How do we prove that it is maximum? And how can it fill the whole square as triangle's area(2) isn't a factor of square's area(81)?

(I will be talking about the scaled up version which carries over seamlessly to the actual problem, the numbers are just easier to deal with) First, it doesn’t cover the whole square. It is visible along x = 9 that it isn’t covered and although less visible, there is a sliver at y = 4.5 that isn’t covered either. However it does cover an area of 80. So we know 20 is the maximum because each triangle covers an area of 4 and if you could fit 21 or more triangles in the square, that would imply that the square has an area greater than or equal to 84, which it clearly does not. Good question!

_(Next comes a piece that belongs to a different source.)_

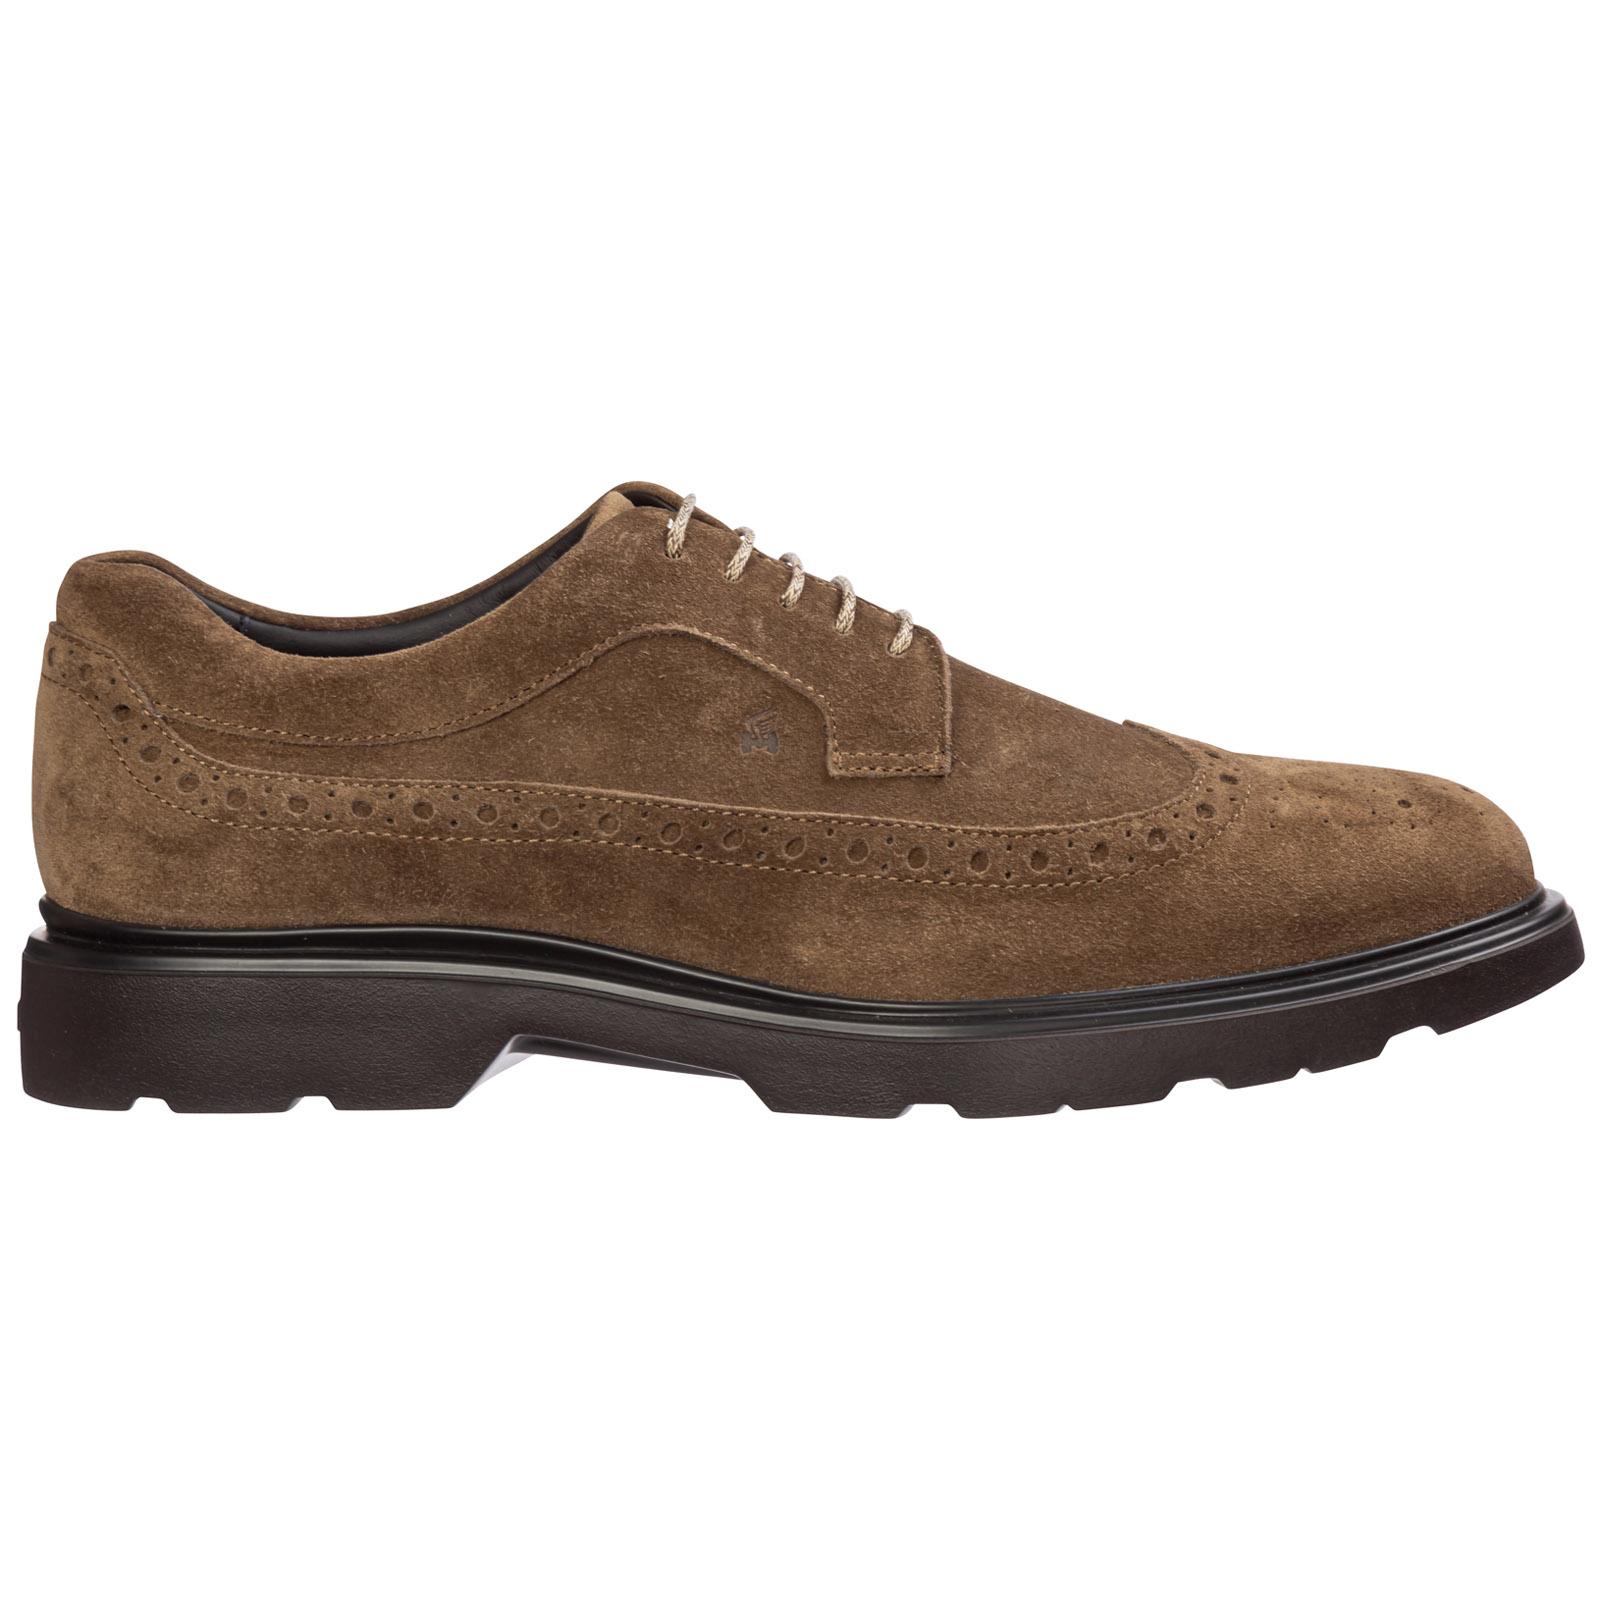 Lacets Classiques Daim Derby Route À En Homme Chaussures ImvfgY7b6y

Also in the scaled up version, I believe that the triangles have area 4, since 1/2 x 2 x 4 = 4 If you are wondering what method I used to come up with the answer, i just kind of noted the upper bound (20) and the easiest ‘solution’ of just making many rectangles (16) and attempted to look for other ways using graph paper and a ruler. So it was partially a outside of the box type question which was intended to get people to think more abstractly in the way they would fill a box instead of just accepting the obvious ‘solution’ of 16 triangles. To be honest, I probably should have listed I hint that it was more than 16.